2)It can make the woman's life easier, because the Husband is around half the time. ( lots of women are happy to get a break from their husband.) I know when my husband is away for a day or two for whatever, when he comes back it's better. That break gives us a chance to miss each other, and quite frankly he's not here in my way or getting on my nerves. And when it comes to cleaning the house, or cooking the meals, its not as much pressure to have it done by certain time.
If the women are friends, which I think they should be in order for it to be most effective, they can help each other, by babysitting, doing laundry, cooking ,whatever. ( I don't agree with living in the same house, or even next door. just not enough privacy.) But them working together ensures that each ones rights are fulfilled, and they both are happy because essentially they have less work to do.
 
I would really like to hear more about this from the women that have knowledge about it.

How could this work in this day and age? Are the women really happy under this arrangement?
 
I would really like to hear more about this from the women that have knowledge about it.

How could this work in this day and age? Are the women really happy under this arrangement?

I would to. In many past/traditional communities it worked:
1. because women outnumber men, but women could not be breadwinners, so it helped to keep all women supported by a man, even if it meant polygamy.
2. Due to misunderstanding of biology, women were often blamed for the sex of children, so if a woman had 3 girls, the man would marry someone else to try for a boy.
3. The more kids a man had, the better, so once one wife was past childbearing/barren/past her prime, the man remarried for more kids.
4. It was a sign of wealth because a man had to be rich to afford more than one wife.

So, I'm really curious to know why today, when all the above doesn't necessarily matter or is understood, how a woman benefits from a plural marriage.
 
I would to. In many past/traditional communities it worked:
1. because women outnumber men, but women could not be breadwinners, so it helped to keep all women supported by a man, even if it meant polygamy.
2. Due to misunderstanding of biology, women were often blamed for the sex of children, so if a woman had 3 girls, the man would marry someone else to try for a boy.
3. The more kids a man had, the better, so once one wife was past childbearing/barren/past her prime, the man remarried for more kids.
4. It was a sign of wealth because a man had to be rich to afford more than one wife.

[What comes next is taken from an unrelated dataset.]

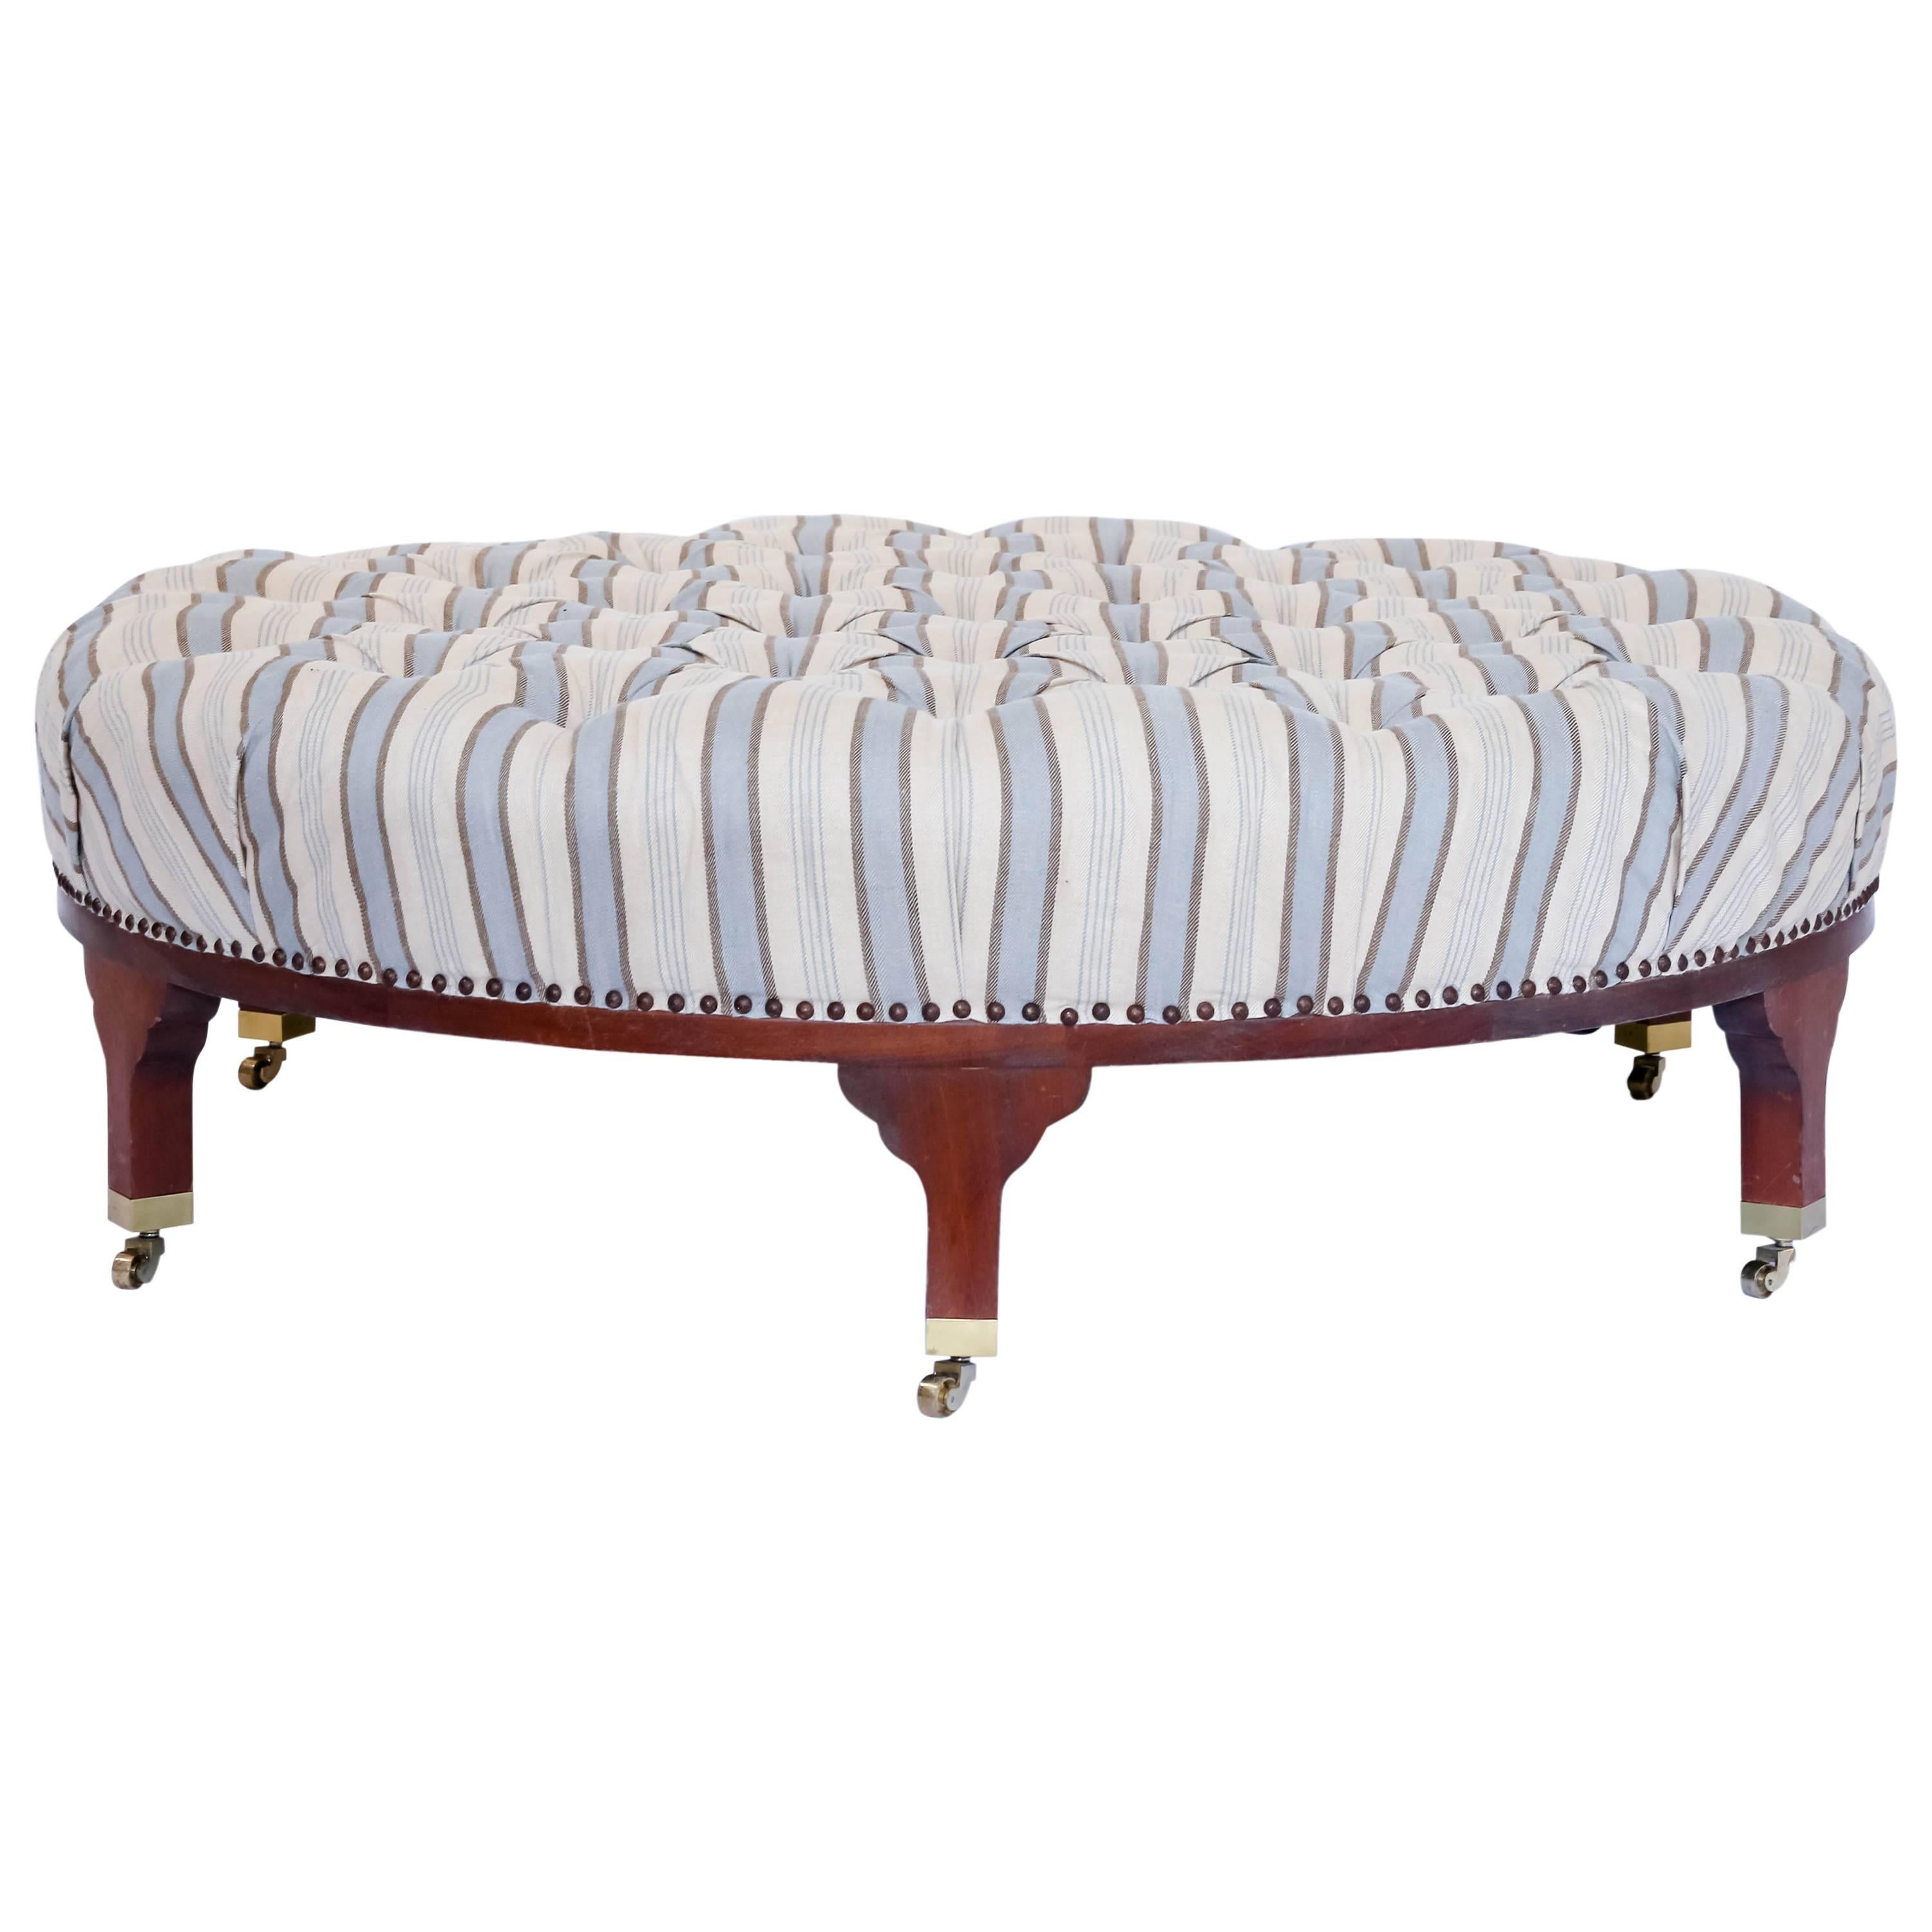 Large Round Tufted Ottoman with Striped Upholstery

So, I'm really curious to know why today, when all the above doesn't necessarily matter or is understood, how a woman benefits from a plural marriage.

One thing not commonly discussed about biology as well is that women are better off being promiscuous. I dont see how being in a plural marriage with 1 man many women benefits women biologically.
 
One thing not commonly discussed about biology as well is that women are better off being promiscuous. I dont see how being in a plural marriage with 1 man many women benefits women biologically.

Sure does.. fastest and strongest sperm wins ---->better/healthier children.
 
In College, my African American Relationships (Elective) Professor wrote a book on this and told us her and her husband we going to do this...UMM NO!!! NOT THIS ONLY CHILD! I'M 23 AND STILL DONT LIKE TO SHARE!:nono:
 
I don't know...I am kinda curious...For a woman that is financially successful, not wanting any more children or want to be bothered a lot, want some companionship (sometimes), he can live with the first wife and leave me in my house, it sounds very interesting.

Seems like a comitted version of friends with benefits...

Where's Serenity K????, I would love to hear her thoughts or some of the other Muslim ladies.